Mux Data makes that easy to do with the other users in your Mux organization by giving you the ability to share the exact view you create of the dashboard. First, pause the metric display so that it contains the issue in the 30-minute bounds of the real-time chart. Then, filter the chart to the specific dimensions that exhibit the problem. The Negative Impact scores are helpful in finding the root cause of a problem if you don’t already know the scope.
Once you have a useful view of the data, simply copy the url and send it to any user that has access to your Mux data. The user is able to click on the url to load the Real-Time Dashboard with the metric displayed on the expected timeframe, along with any filters that have been set. From there your teammate can view the chart or continue to dig into the data by adding or modifying filters to pinpoint the source of the problem.
It’s worth noting that real-time data can be shared for up to 24 hours. If you need data beyond that, the Metrics reports are useful for longer-term reporting and experience optimization.
Resolve the Issue
Although Mux Data can give you a good idea of where to look to resolve the problem and the viewers impacted, it can’t actually fix the problem for you. You’ll need to rollback the release, fix the server, or switch away from the CDN that is causing errors.

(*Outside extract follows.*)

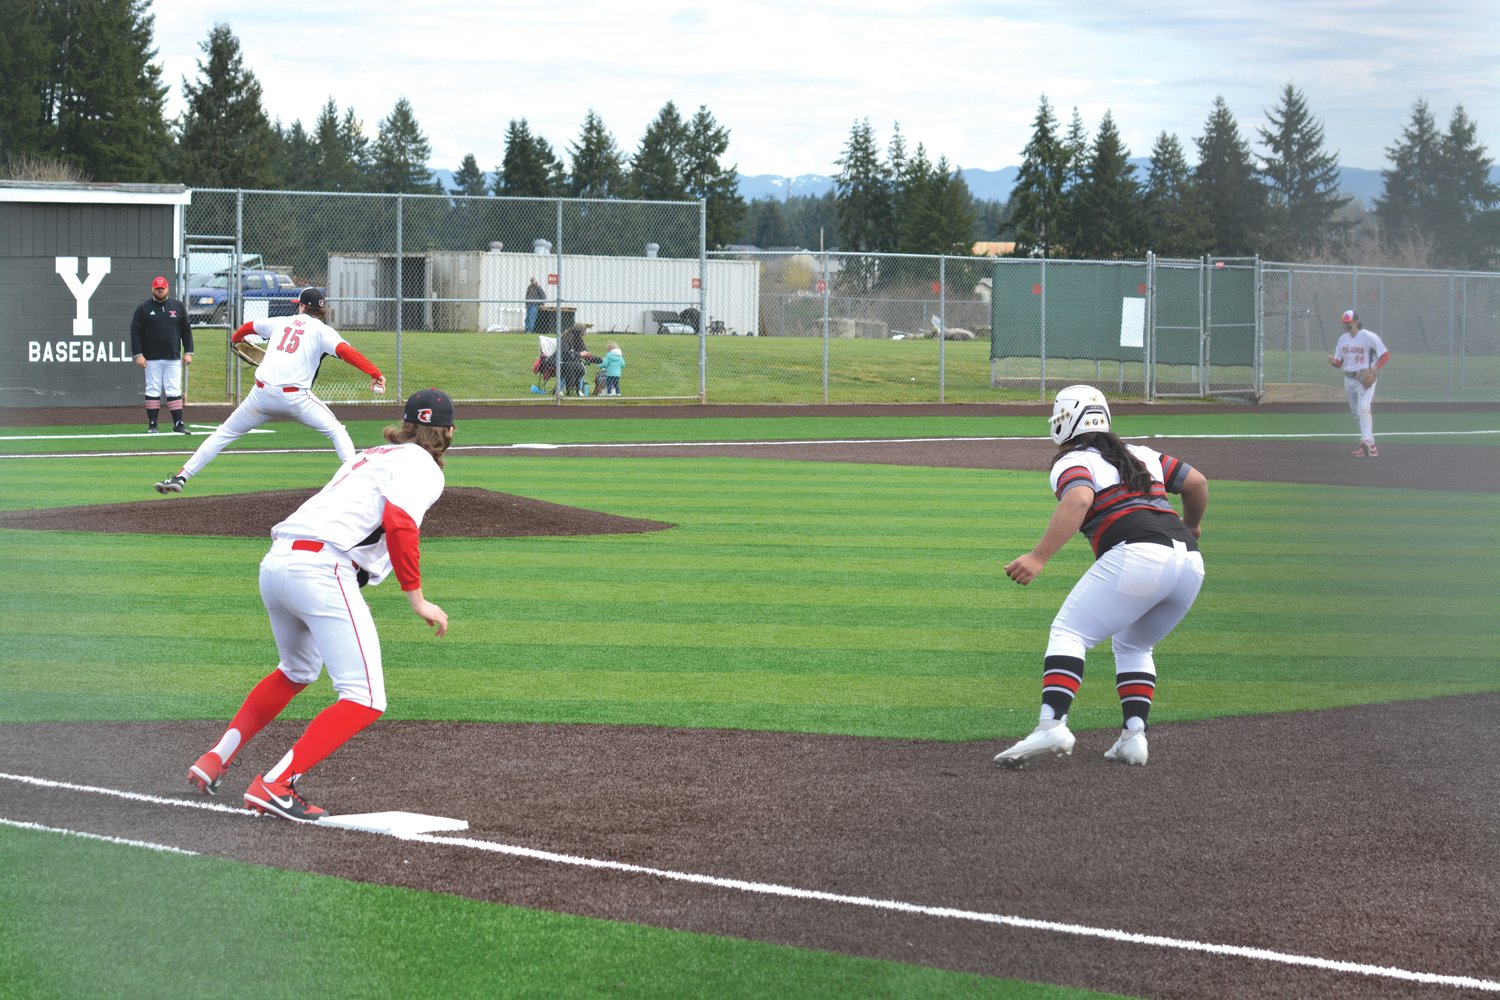 Junior third baseman Kolby Henry takes a lead on first while the pitch is delivered during a game against Steilacoom High School on April 1.

Once you do make the change(s), the Real-Time Dashboard will tell you immediately if the issue has been resolved. If you’re successful, you’ll start to see an improvement in the metrics within just a few seconds. The low-latency reporting allows you to rapidly verify fixes or, if the changes didn’t work as expected, move on to another solution.
Similar to how having faster source code builds reduces the cost of compilation and allows developers to more easily iterate and code features, faster metrics allow teams to reduce the turnaround time for responding to fixes.
Improve your resiliency
This last step is the most commonly skipped: the retrospective and platform improvements. Please don’t disregard this step. It’s usually less of a priority because the immediate issue has been resolved and the dust has settled. But if you don’t solve the root cause or build in additional redundancy, you will inevitably hit the same problem again in the future. The fixes can take away time from short-term feature work and impact delivery dates but, in the long run, you are much better off paying the cost to fix the root cause rather than losing time and customer credibility in the future because of similar outages occurring repeatedly.

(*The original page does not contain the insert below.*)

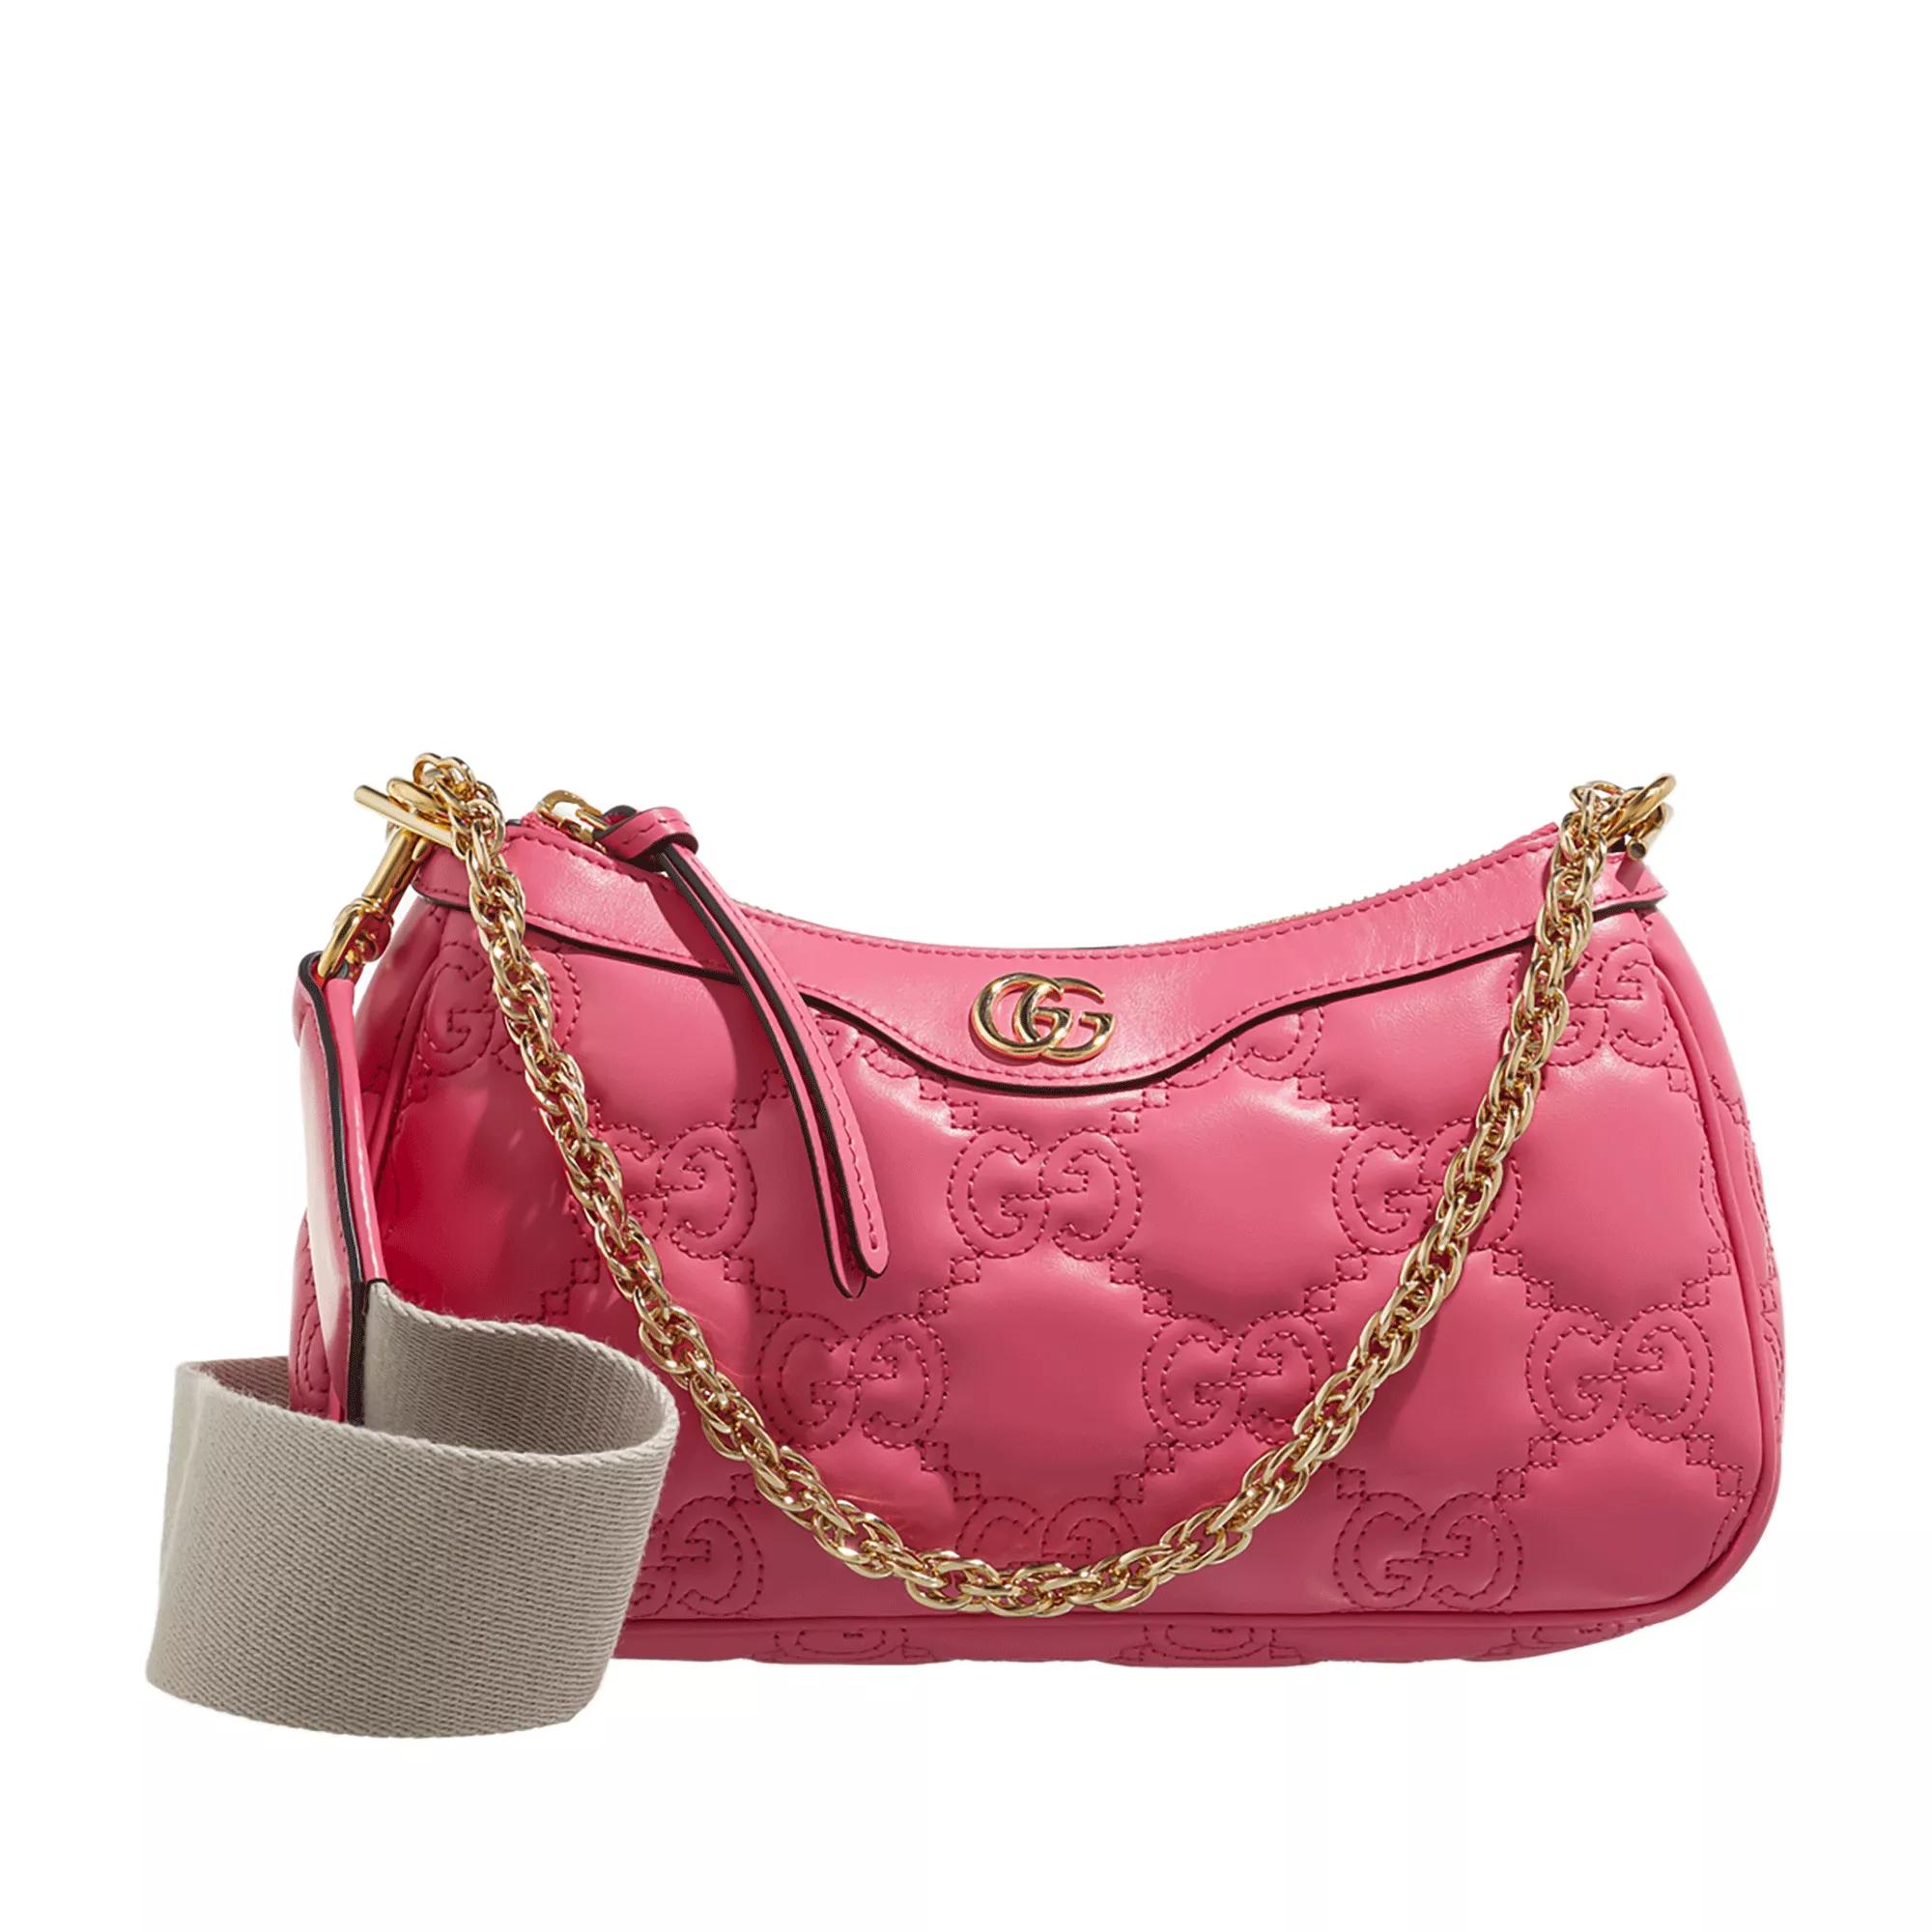 Gucci-GG-Marmont-Red-Heart-Leather-Shoulder-Bag

For the long-term analysis and retrospectives, Mux Data has historical metrics that cover most aspects of the viewer experience. The metrics data is updated after each video ends rather than in real-time but the data is stored for much longer (months vs. 24 hours) and has many more dimensions and filters available to use for analysis.
To make analysis even easier, you now are able to view the long-term metrics in 10-minute increments rather than by hour. This allows you to get more granular detail about the customer experience and focus on events that are shorter in duration.

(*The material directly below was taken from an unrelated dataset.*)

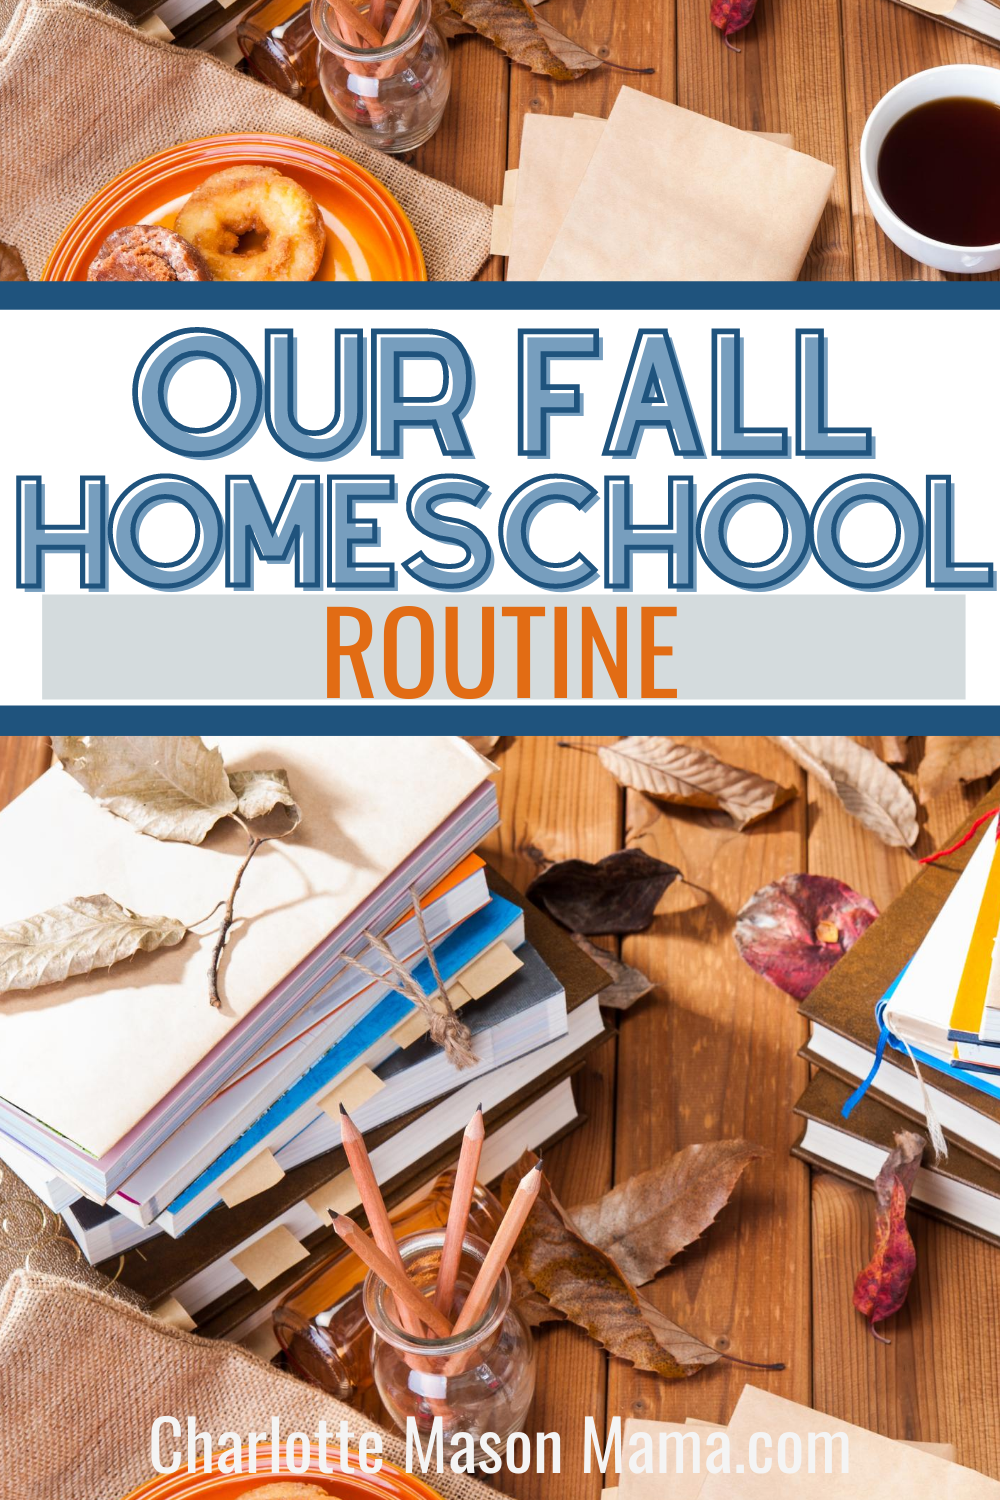 Our Fall Homeschool Routine

As post-mortem changes are made, metrics allow you to measure performance changes over time. Such as: Did the changes negatively impact the start-up time? Has the rebuffering percentage improved as expected? Was the viewers' experience in Asia improved since adding a new, local CDN? All of these are easy to answer with the long-term metrics.
With these new features for the Real-Time Dashboard and metrics, Mux Data users will be able to respond to issues faster and more efficiently. As always, we love to hear your feedback about our new features and how we can help you operate your video platform as efficiently as possible. Let us know what you think!